After locating the line that holds "Completed by a", repeat it and each following line exactly until the material ends, skipping pictures.

(RECORDED DATA begins)

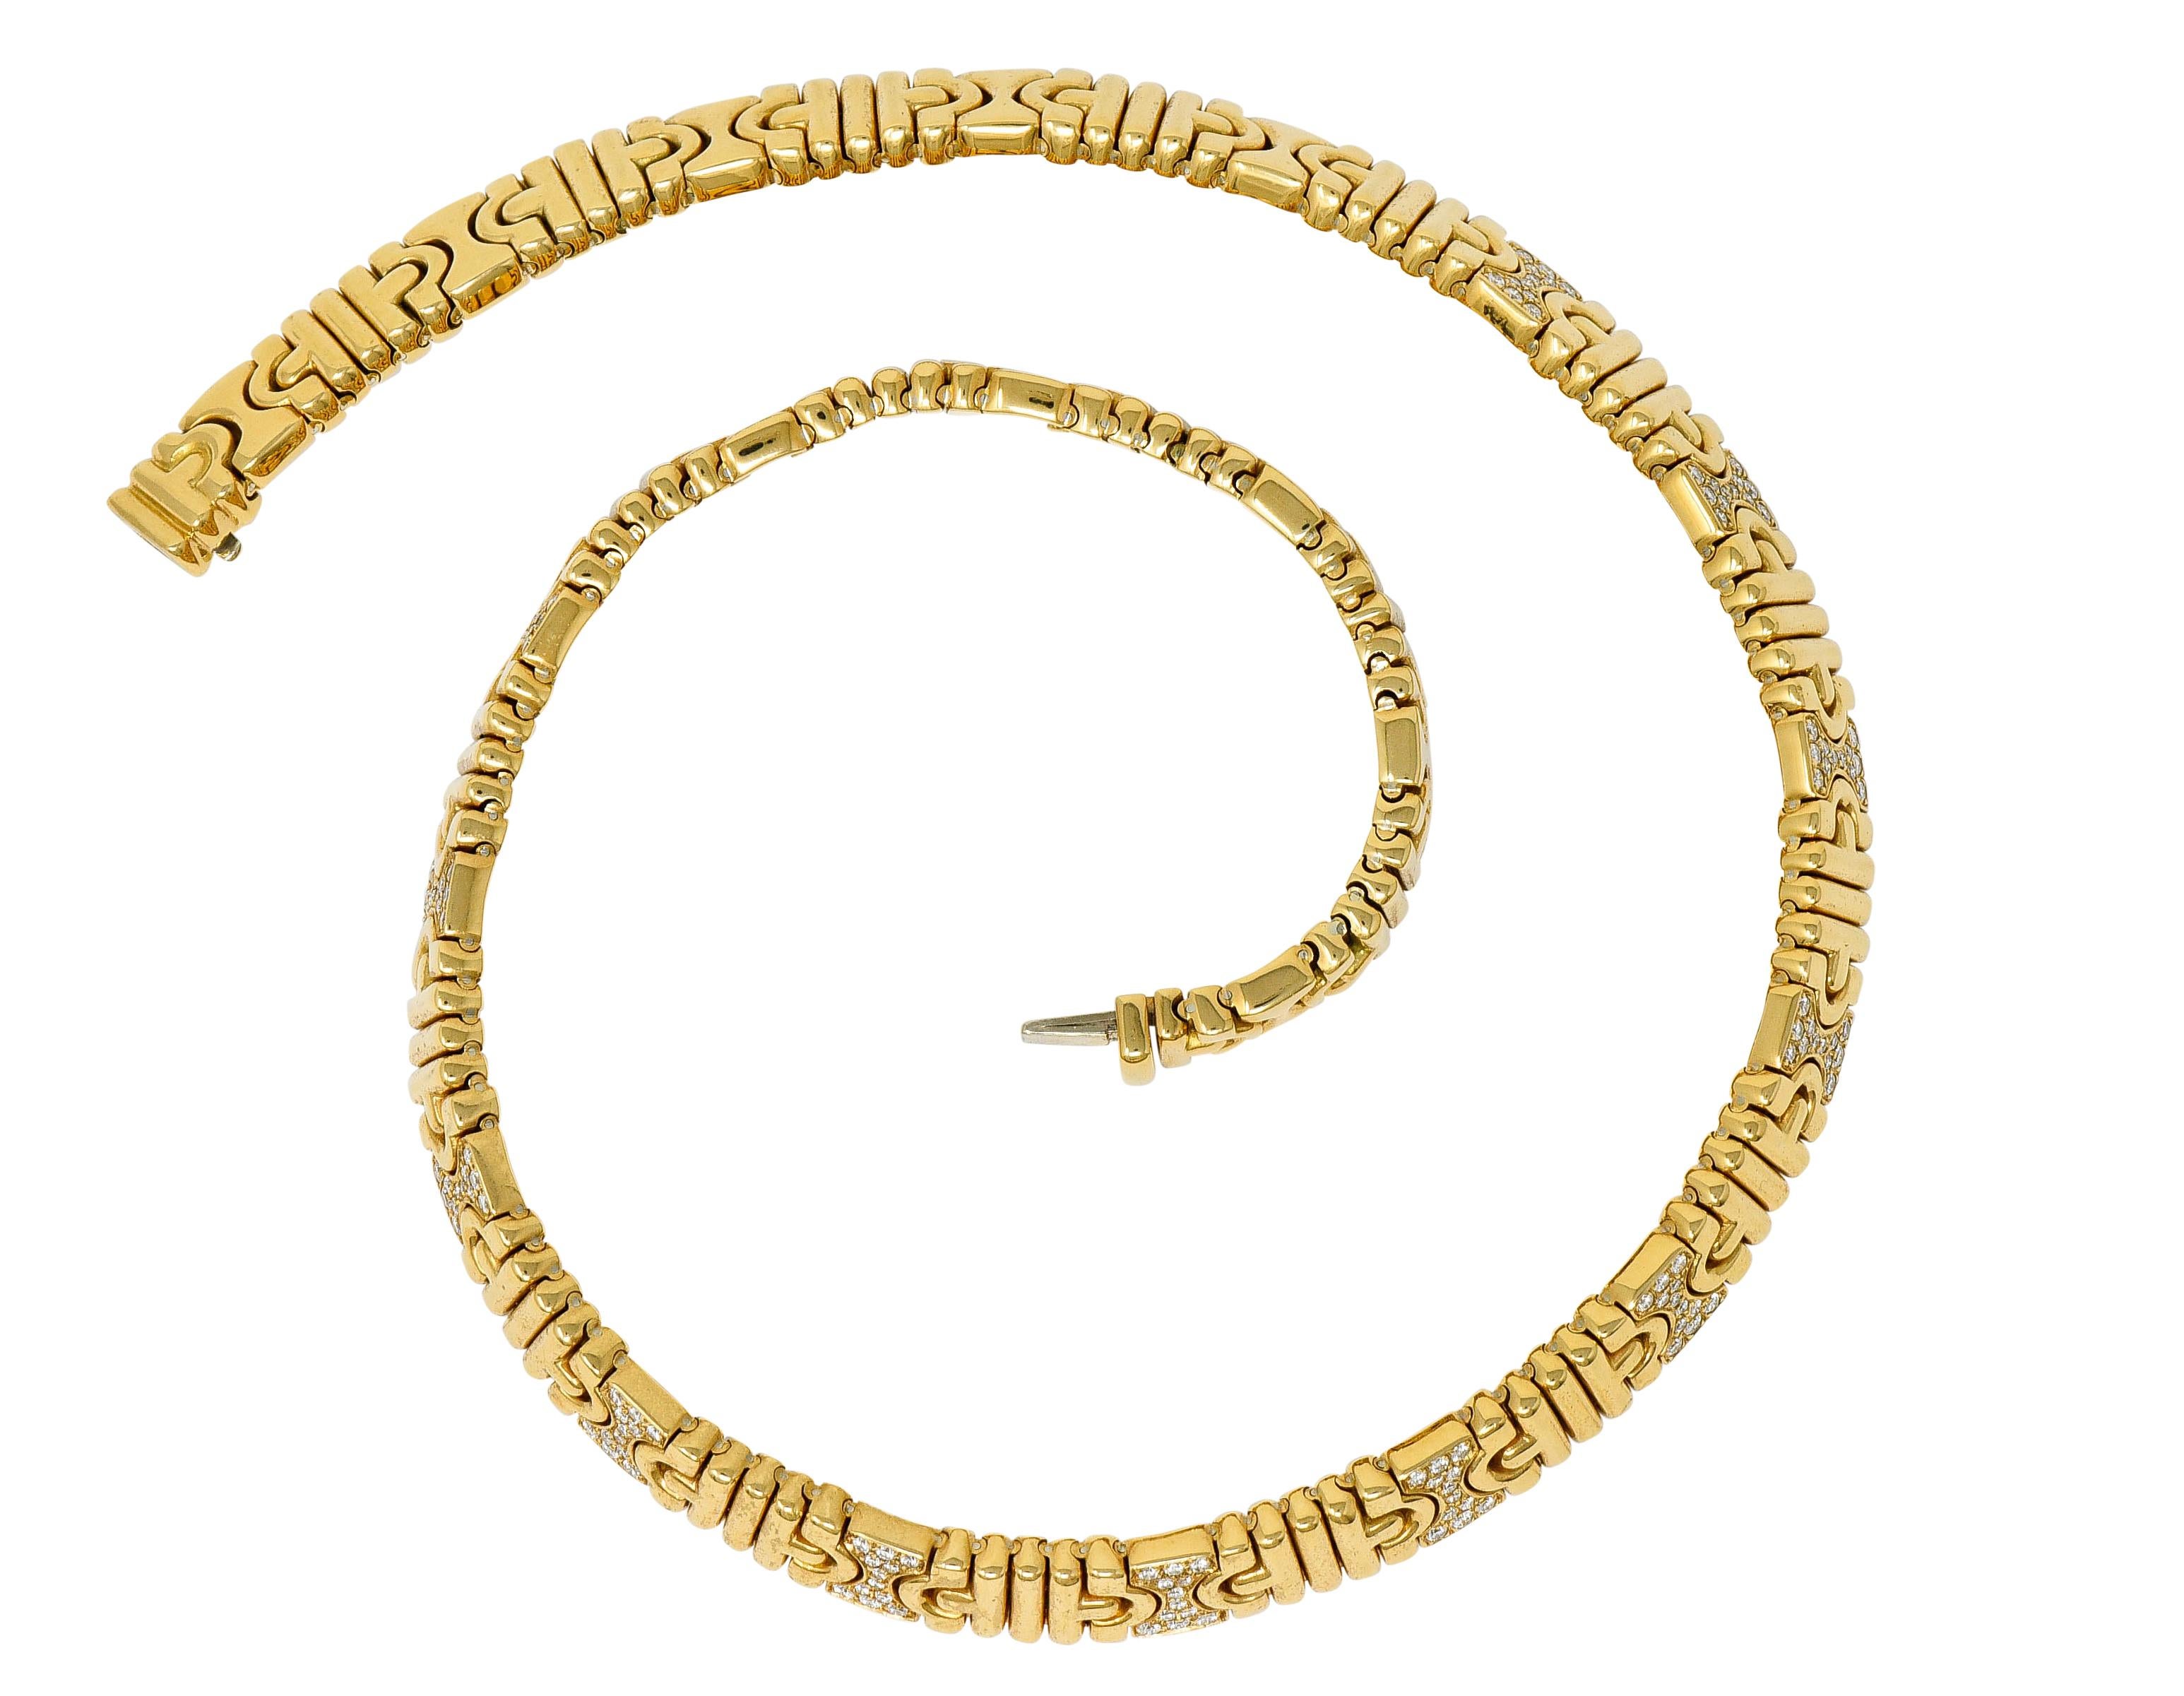 Collar style necklace comprised of hour glass and ribbed links that interlock in a flawless pattern

Accent links are pavè set with round brilliant cut diamonds weighing in total approximately 2.50 carats; G/H color with VS clarity

Completed by a
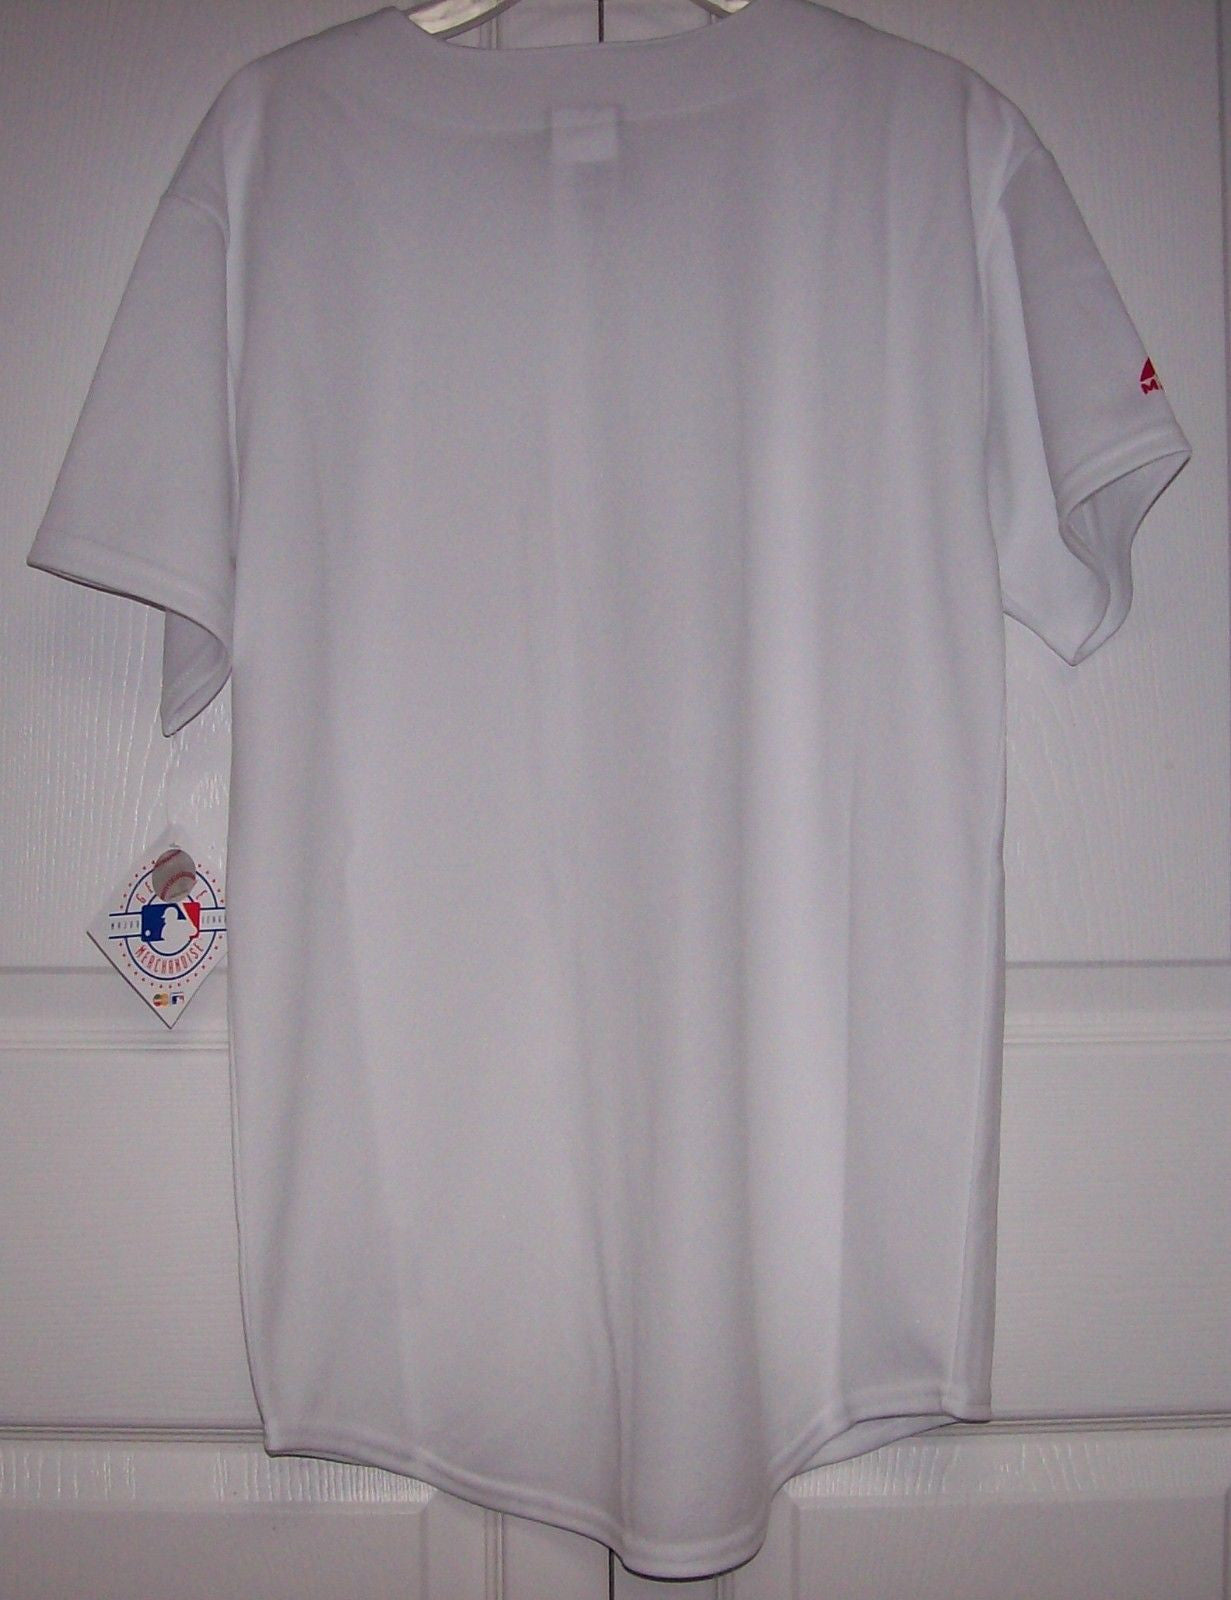 Men's Gray St. Louis Cardinals Replica V-Neck Jersey Size: Small

(RECORDED DATA ends)

### SOLUTION FOR THIS EXERCISE
Completed by a
 Men's Gray St. Louis Cardinals Replica V-Neck Jersey Size: Small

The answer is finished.